DocNow / twarc-csv

A plugin for twarc2 for converting tweet JSON into DataFrames and exporting to CSV.
MIT License
31 stars 10 forks source link

Expand Referenced Tweets #21

Closed igorbrigadir closed 3 years ago

igorbrigadir commented 3 years ago

Currently it leaves referenced_tweets list alone, the column in the CSV ends up like this:

[{"type": "replied_to", "id": "1380226330034372610"}]
[{"type": "quoted", "id": "1380226330034372610"}]
[{"type"": "retweeted", "id": "1261081519566675969"}]

but we could expand this into separate columns:

referenced_tweets.replied_to
referenced_tweets.quoted
referenced_tweets.retweeted

and by extension, type column should be a list like ["reply"] or ["retweet","reply","quote"] if it's a quote tweet that's a reply to someone that was then retweeted. type should also be __inferred_tweet_type or something to indicate where this field is coming from.

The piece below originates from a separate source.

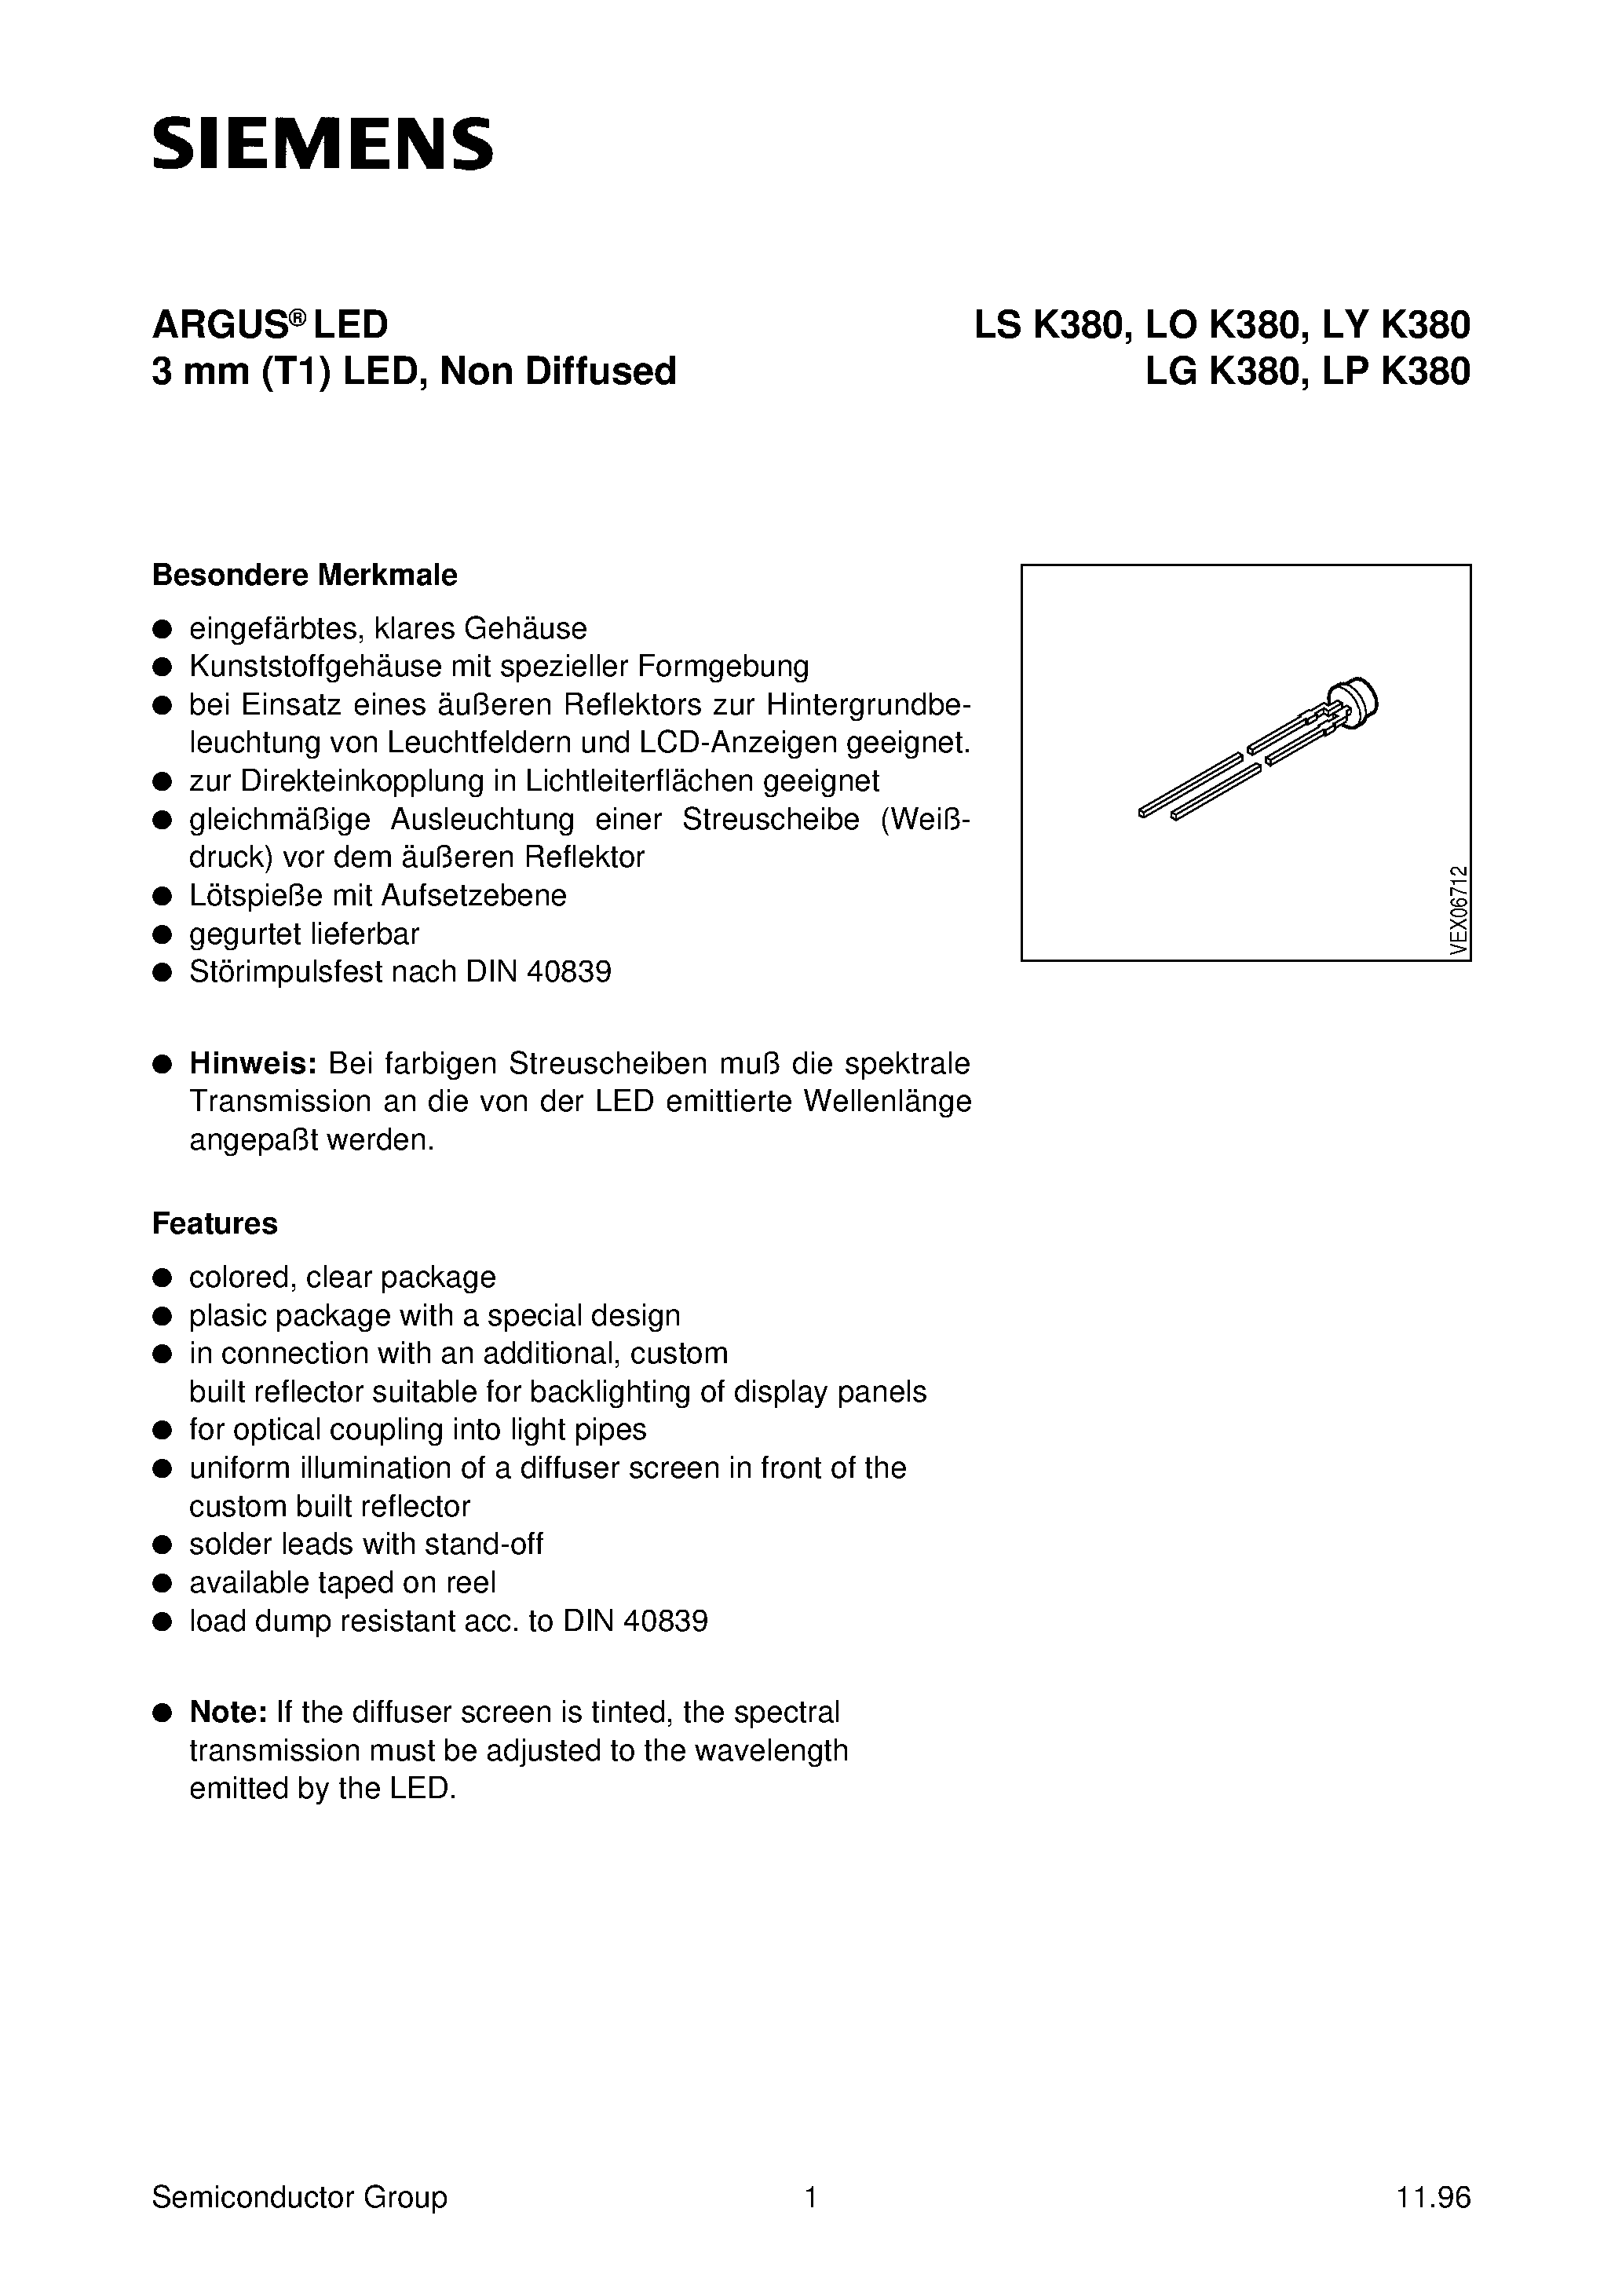 Даташит LYK380-Q - ARGUS LED 3 mm T1 LED/ Non Diffused страница 1

igorbrigadir commented 3 years ago

The CSV would endup looking like:

referenced_tweets.replied_to,referenced_tweets.quoted,referenced_tweets.retweeted,
,,1261081519566675969,
referenced_tweets.replied_to,referenced_tweets.quoted,referenced_tweets.retweeted,
1380226330034372610,,,

etc

igorbrigadir commented 3 years ago

Followup: https://twittercommunity.com/t/usersretweets-problem-with-json-normalize-to-flatten-the-nested-json/157713

igorbrigadir commented 3 years ago

This is done with ChainMap now:

            # reconstruct referenced_tweets object
            referenced_tweets = [
                {r["type"]: {"id": r["id"]}} for r in tweet["referenced_tweets"]
            ]
            # leave behind references, but not the full tweets
            # ChainMap flattens list into properties
            tweet["referenced_tweets"] = dict(ChainMap(*referenced_tweets))